Nat Wahyu Srikuning-Rizky Haryogi

Jumlah inventori yang terlalu banyak di Barilla tentunya akan mengurangi pendapatan
perusahaan karena perusahaan akan mengeluarkan biaya tambahan untuk penyimpanan dan
penjagaan inventori tersebut. Resiko yang mungkin di hadapi perusahaan bermacammacam
seperti kerusakan akibat kelalaian manusia yang menyebabkan inventori menjadi tidak
bernilai dan menimbulkan kerugian bagi perusahaan, kerugian akibat pencurian, biaya
asuransi, dll. Jadi, semakin tinggi Tingkat inventori yang melebihi kapasitas produksi dan
penjualan juga akan meningkatkan biaya dan resiko kerugian bagi perusahaan. Just in time
merupakan solusi bagi perusahaan untuk meminimalisir biaya-biaya yang mungkin timbul.
3. Implementasi dari Proposal JITD (Just In Time Distribution).

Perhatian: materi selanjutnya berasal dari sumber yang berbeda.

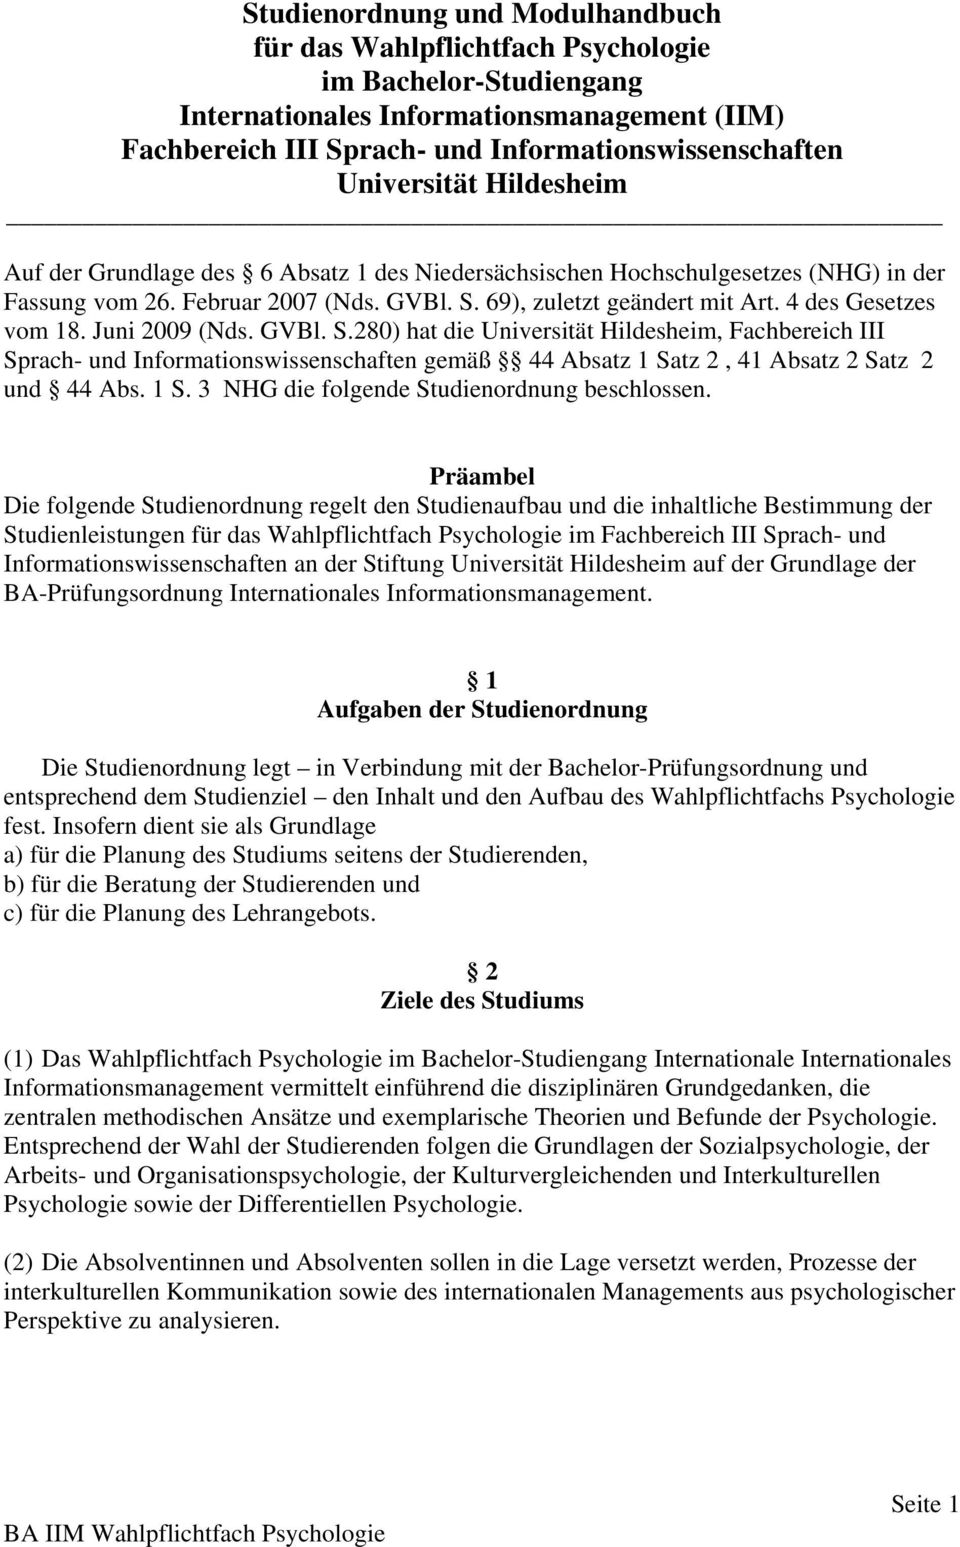 4 des Gesetzes vom 18. Juni 2009 (Nds. GVBl. S.280) hat die Universität Hildesheim, Fachbereich III Sprach- und Informationswissenschaften gemäß 44 Absatz 1 Sa

Apakah program tersebut layak? Jika layak, apakah target customernya dan bagaimana
menyakinkan
customer?
Sistem JITD bertujuan untuk meminimalkan jumlah persediaan dalam suatu perusahaan,
semakin rendah tingkat persediaan, maka akan semakin rendah biaya yang mungkin timbul.
Sistem ini direncakan sedemikian rupa agar inventori yang dibutuhkan Barilla untuk
distribusi tersedia ketika akan dikirimkan. Hal ini memang tidak mudah dicapai bagi
perusahaan karena dibutuhkan komunikasi dan hubungan yang baik dengan para distributor.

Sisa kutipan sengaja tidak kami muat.